Gene-environment interactions in cortical interneuron development and dysfunction: A review of preclinical studies

Abstract

Cortical interneurons (cINs) are a diverse group of locally projecting neurons essential to the organization and regulation of neural networks. Though they comprise only ∼20% of neurons in the neocortex, their dynamic modulation of cortical activity is requisite for normal cognition and underlies multiple aspects of learning and memory. While displaying significant morphological, molecular, and electrophysiological variability, cINs collectively function to maintain the excitatory-inhibitory balance in the cortex by dampening hyperexcitability and synchronizing activity of projection neurons, primarily through use of the inhibitory neurotransmitter gamma-aminobutyric acid (GABA). Disruption of the excitatory-inhibitory balance is a common pathophysiological feature of multiple seizure and neuropsychiatric disorders, including epilepsy, schizophrenia, and autism. While most studies have focused on genetic disruption of cIN development in these conditions, emerging evidence indicates that cIN development is exquisitely sensitive to teratogenic disruption. Here, we review key aspects of cIN development, including specification, migration, and integration into neural circuits. Additionally, we examine the mechanisms by which prenatal exposure to common chemical and environmental agents disrupt these events in preclinical models. Understanding how genetic and environmental factors interact to disrupt cIN development and function has tremendous potential to advance prevention and treatment of prevalent seizure and neuropsychiatric illnesses.

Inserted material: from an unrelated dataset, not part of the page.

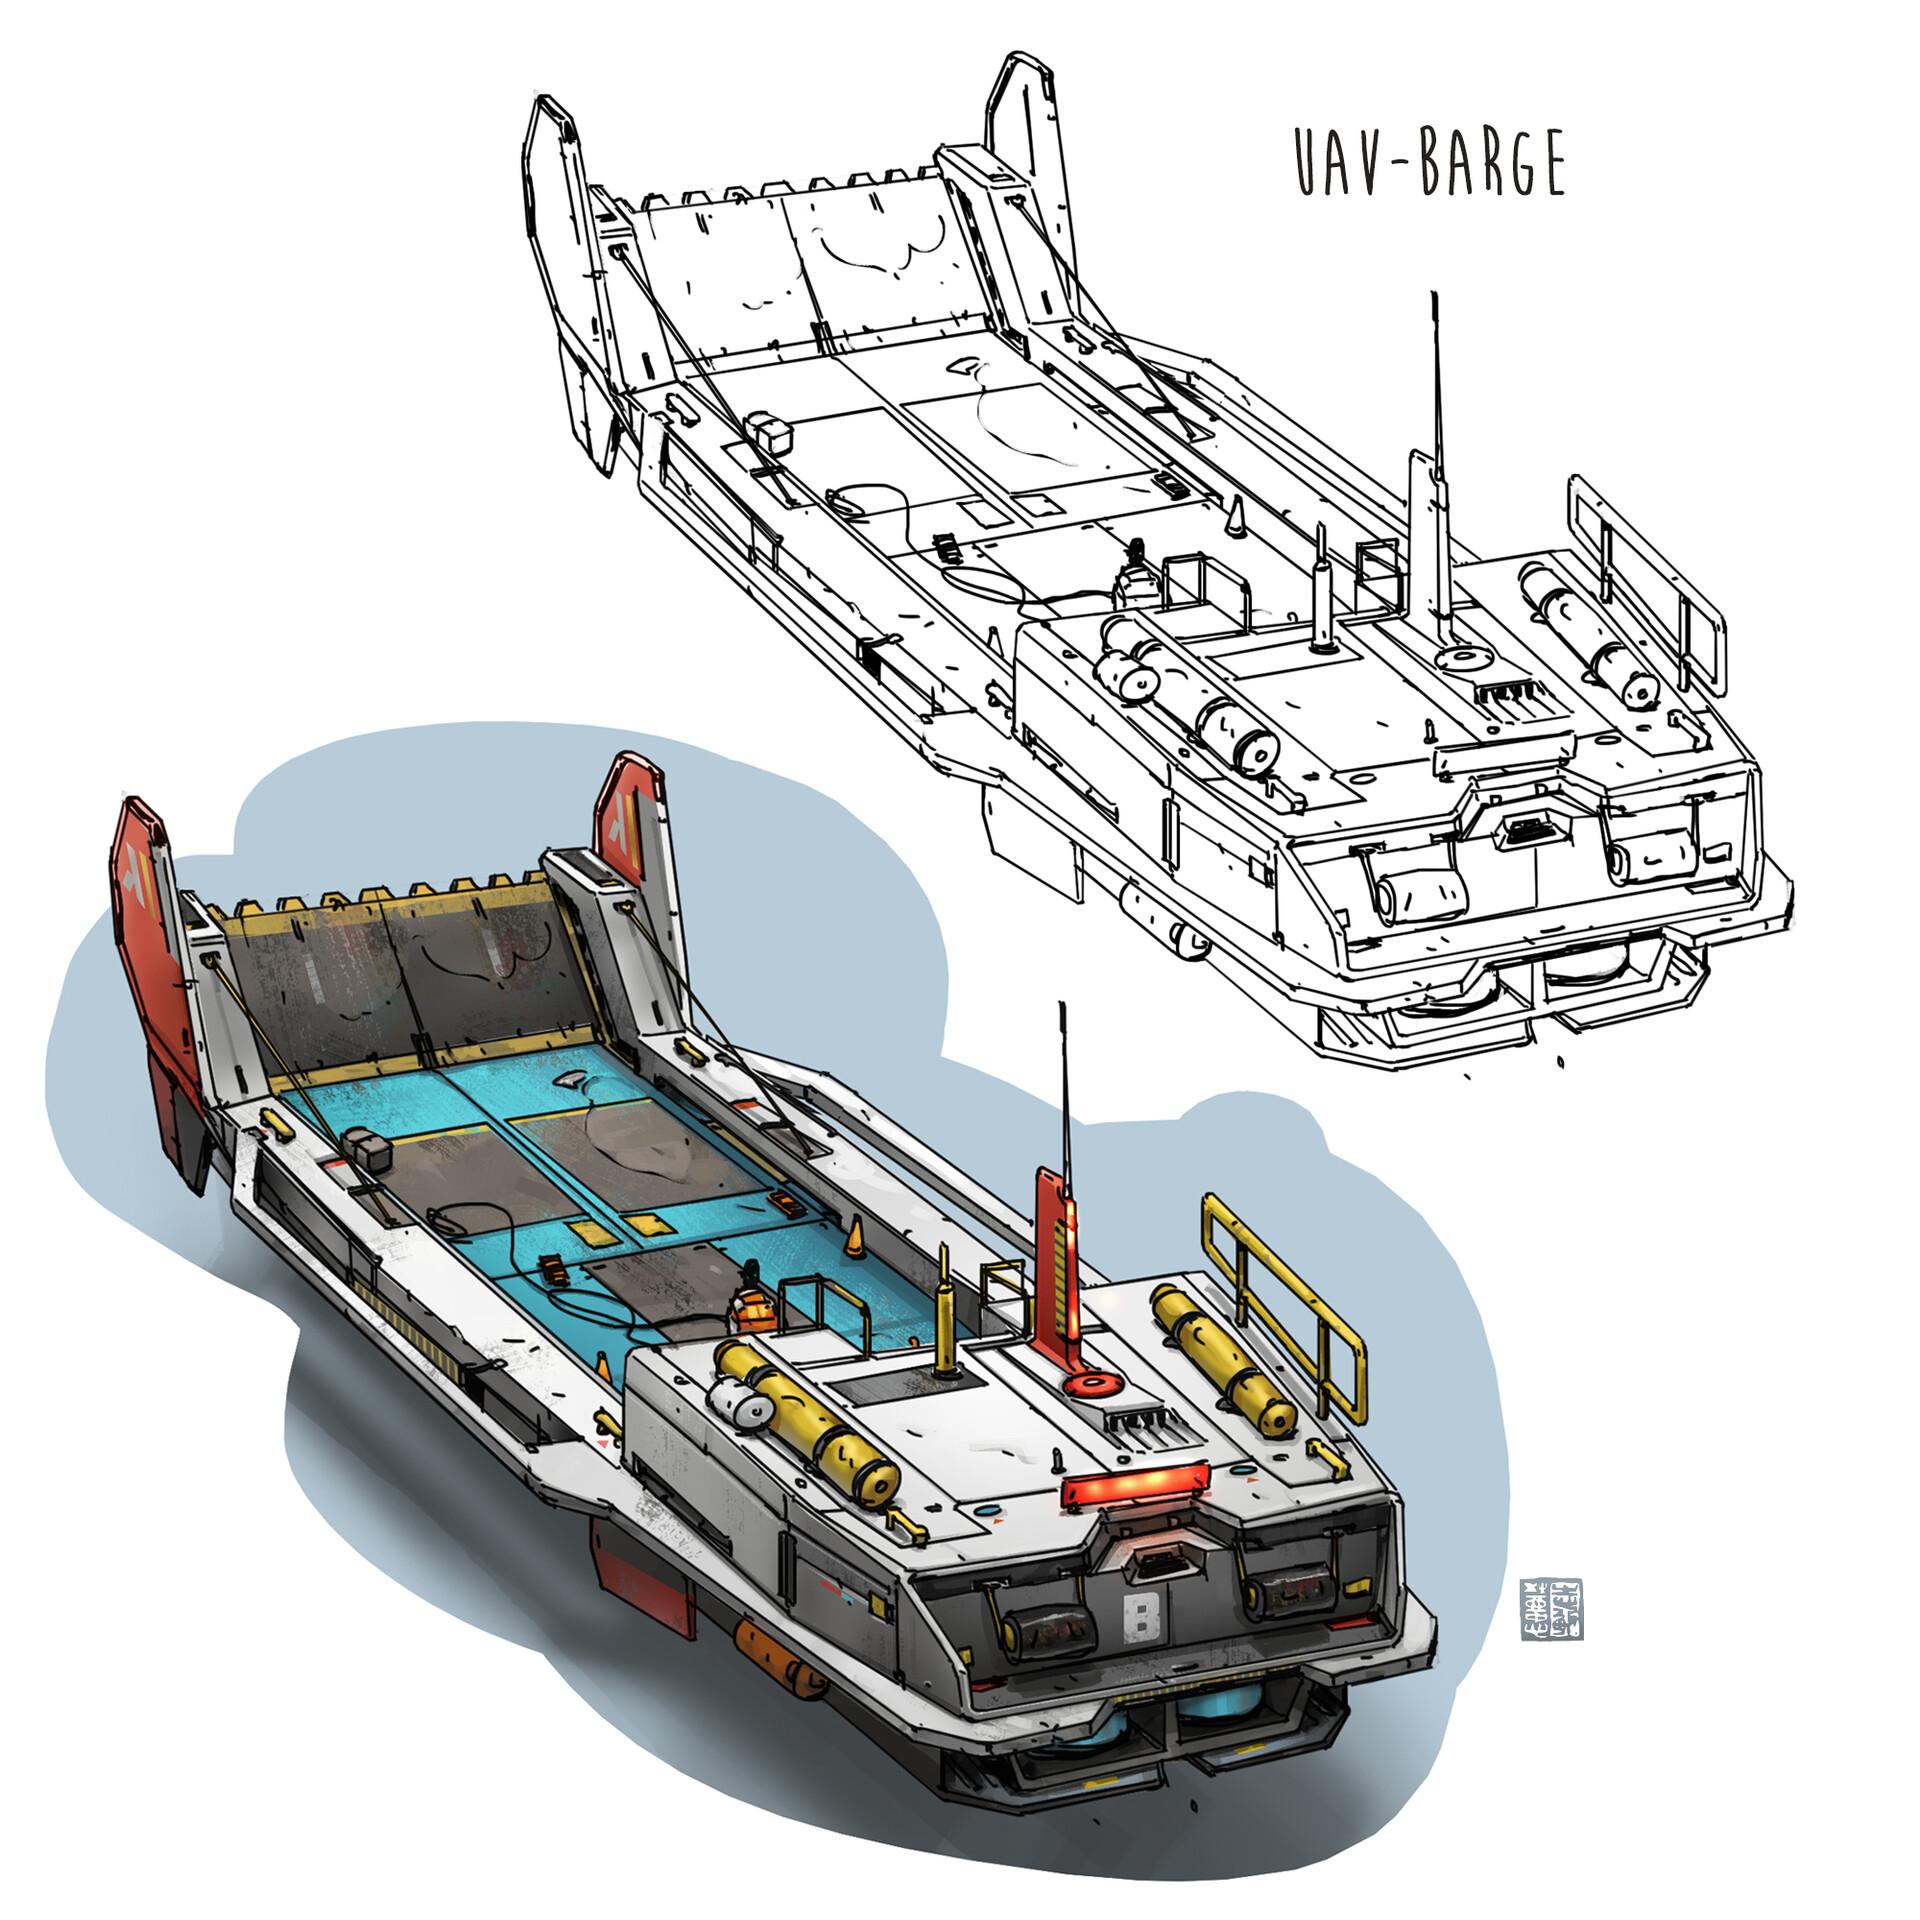 Autonomous hoverbarge

Keywords: Cortical development; Developmental neurotoxicity; Gene-environment; Interneuron; Schizophrenia; Seizure.

Figure 1. Cortical Interneuron Development

Upper left: Three-dimensional reconstruction of the brain and face of a fetal mouse derived from high resolution magnetic resonance microscopy sections. The light green square indicates plane of section for the schematic illustration to the right. Right: Schematic illustration of the developing telencephalon at approximately embryonic day 15. Dark green arrows indicate possible routes of cortical interneuron (cIN) tangential migration from the subpallial proliferative zones to the cortex. cINs born during the early neurogenic period primarily enter the cortex via a superficial stream within the marginal zone (1,3), while those that are born during the late neurogenic period enter via a deeper stream into the intermediate and subventricular zones (2). Subsequent to tangential migration, cINs align along either side of the cortical plate before undergoing radial migration and integration. LGE, MGE, CGE: lateral, medial, and caudal ganglionic eminences. POA: preoptic area.

Figure 2. Cortical Interneuron Development is Highly Sensitive to Teratogenic Disruption

Left: Timeline of critical periods in human and mouse cortical interneuron (cIN) ontogenesis. Right: Common teratogens target key events in cIN development including initial fate specification, proliferation, tangential migration from the subpallium to the cortex, circuit integration, and adoption of mature expression and connective profiles. Highlighting the emergent nature of the field, 68% (n=15/22) of the studies supporting this list were published within the past 5 years. Asterisks (*) denote areas where further experimental evidence is required to substantiate the association. dpc: days post conception, E: embryonic day, PD: postnatal day.